A major cause of the problems associated with the use of polyalkoxylated surfactants is due to the fact that as the fluid containing these surfactants moves through a formation, a chromatographic-type separation of surfactant components takes place. This may be better understood by considering the general chemical composition of a polyalkoxylated surfactant. Generally, such surfactants are prepared by alkoxylating a suitable organic substrate using a strong base or a Lewis acid catalyst such as sodium hydroxide, BF.sub.3 or the like, followed by sulfation or sulfonation. While the resulting product may be purified to some extent, the resulting "pure" surfactant ultimately used in the field is, in reality, a mixture of discrete compounds, each having been alkoxylated to a different extent. For example, when ethoxylating a primary alcohol, ROH, the resulting product may be represented as RO (EO).sub.4.2 H (where EO represents the ethoxy group (C.sub.2 H.sub.4 O) and the subscript 4.2 indicates the average number of ethoxy groups). Actually, the product comprises a mixture of adducts and unreacted alcohols, for example EQU R OH, RO(EO).sub.1 H, RO(EO).sub.2 H, RO(EO).sub.3 H, RO(EO).sub.4 H, RO(EO).sub.5 H, RO(EO).sub.6 H, . . . , RO(EO).sub.12 H, . . .

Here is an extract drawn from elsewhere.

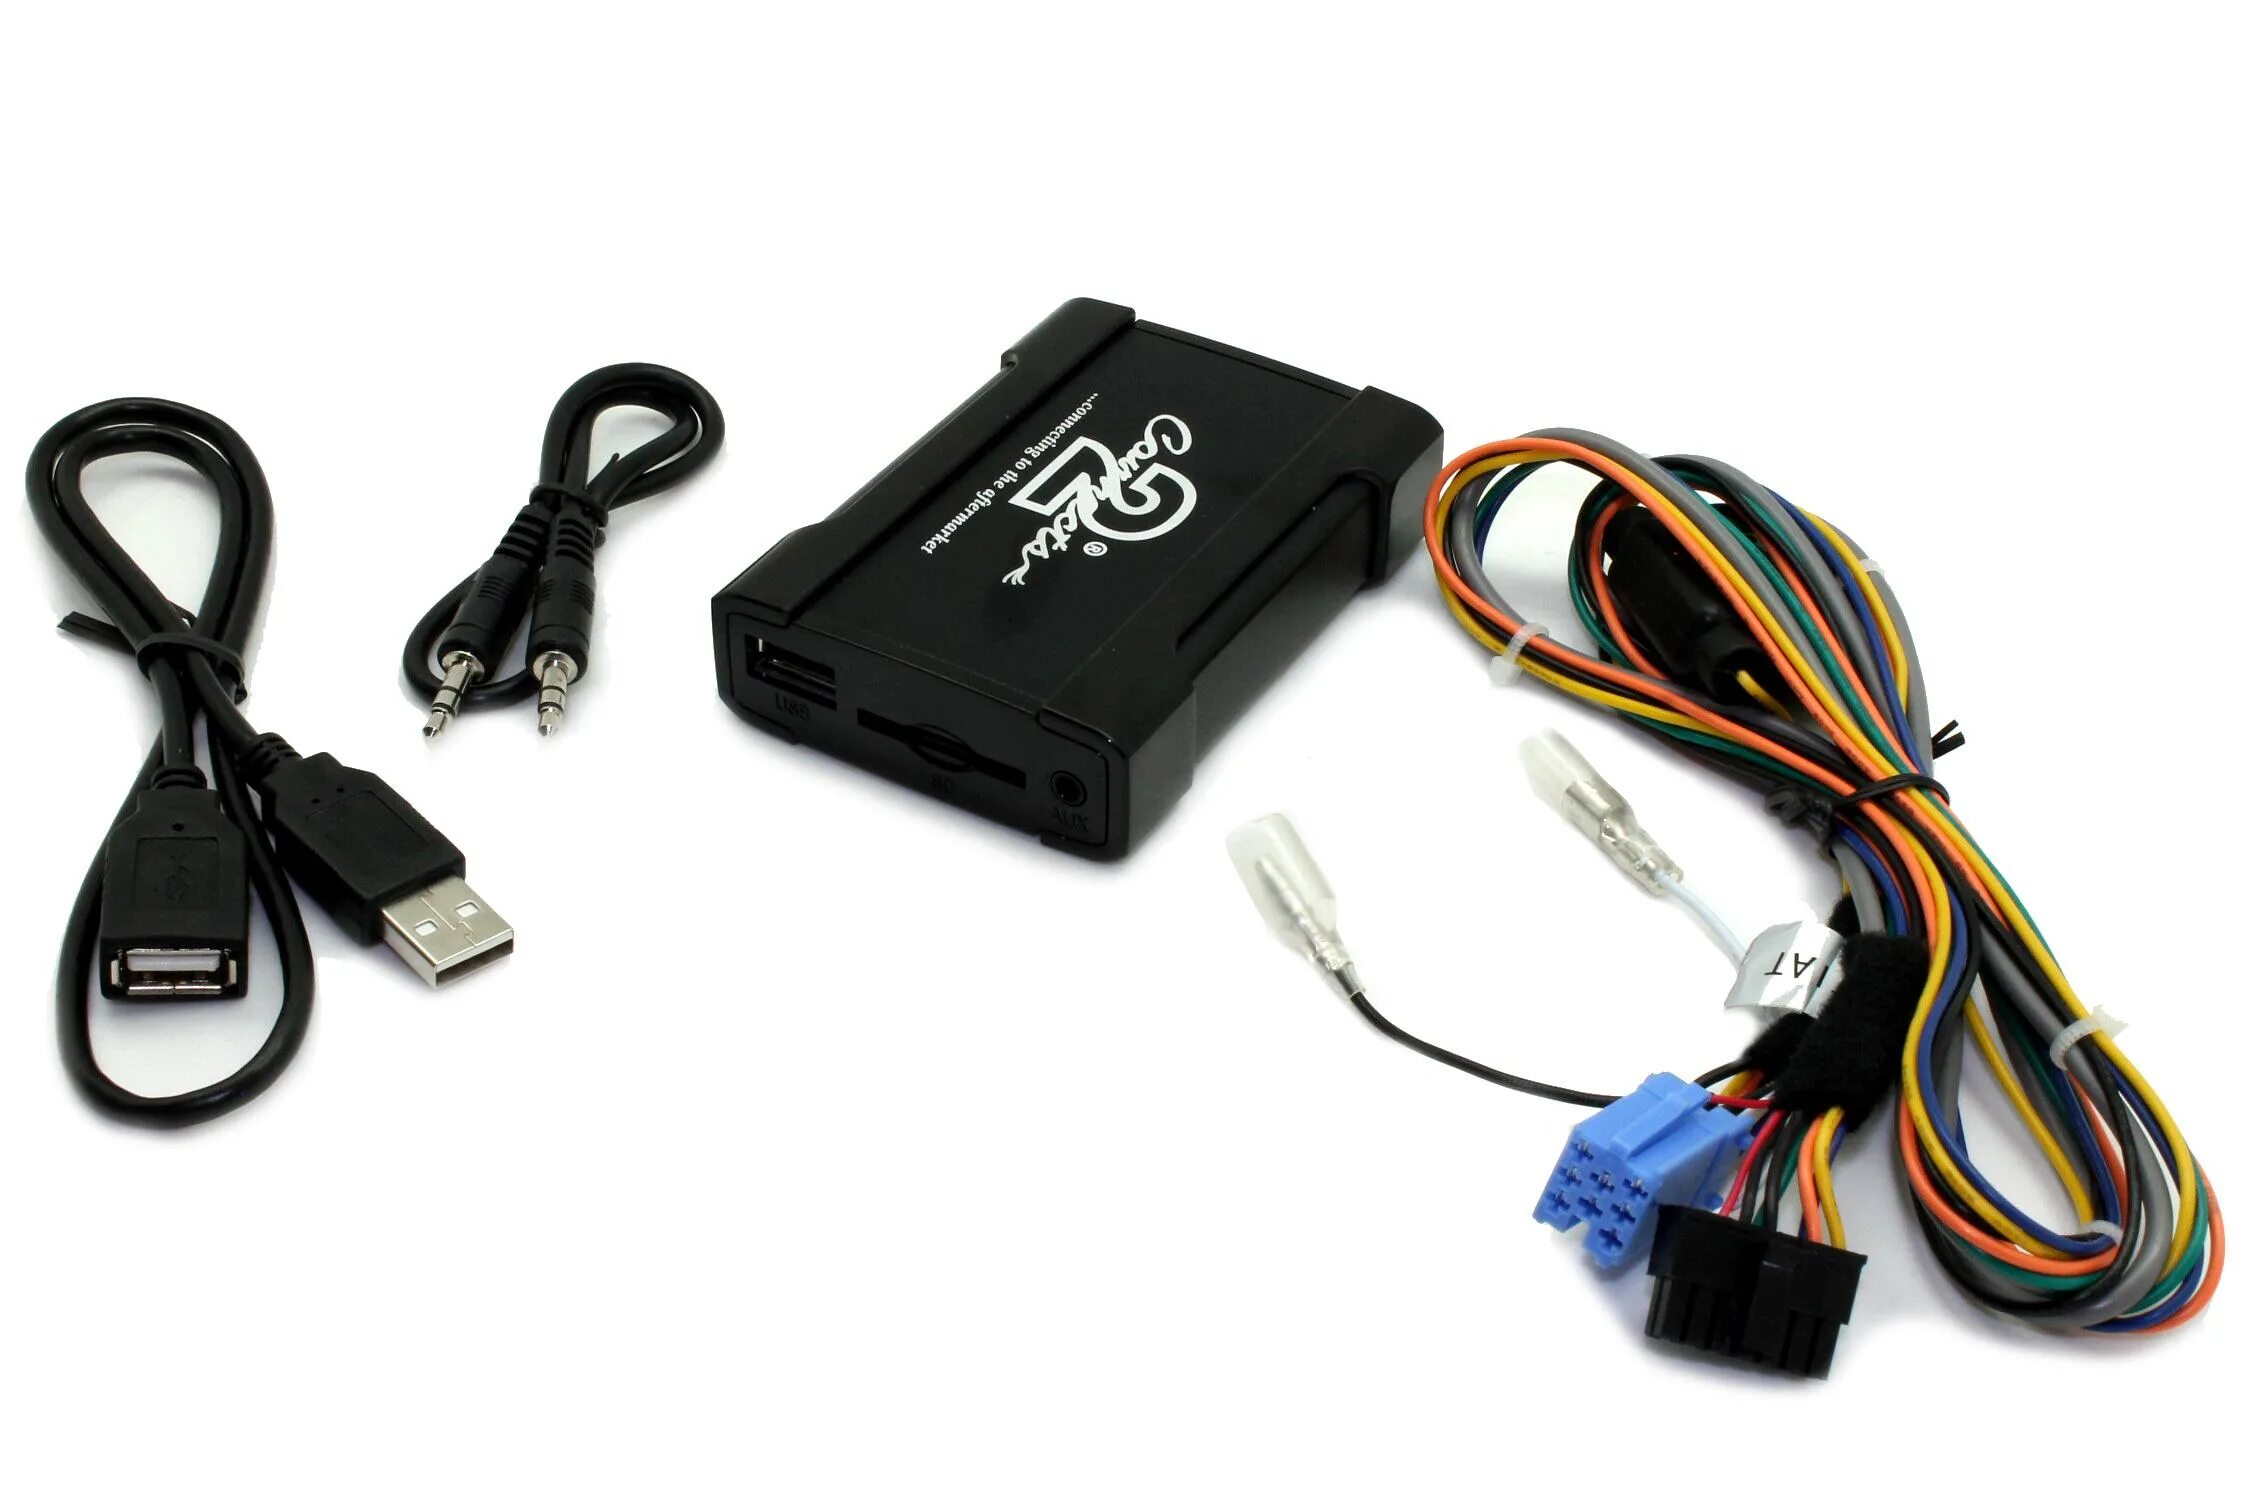 Connecting adapter. USB адаптер connects2. Адаптер для магнитолы Мерседес aux. USB адаптер для магнитолы SD Card. USB адаптер для штатной магнитолы Peugeot 107.

and so forth, in different proportions such that an average value of 4.2 ethoxy groups has been achieved. It has been found that each component compound demonstrates a substantially different surface activity at a given concentration of inorganic salts.
Thus, while the surfactant may possess some properties similar to a purified, single component surfactant and may give acceptable results in small scale laboratory tests, field results can vary substantially due to extensive chromatographic-type separation of one or more components during flooding. A less subtle variation of this problem has been noted previously where a mixture of two (or more) different types of surfactants (cosurfactants) are utilized, such as the approach suggested in U.S. Pat. No. 3,811,505, issued to Fluornoy et al.
Thus, as the surfactant-containing fluid moves through the vast distances of a reservoir (compared to short laboratory cores), the various surfactant components separate. Each separated component is in a similar environment, i.e. reservoir brine of a given inorganic salt concentration. However, except for that discrete component whose properties are acceptable in the reservoir brine, all remaining components exist in an unacceptable environment. In other words, all other discrete components, when separated, will demonstrate poor surface active properties in the reservoir brine.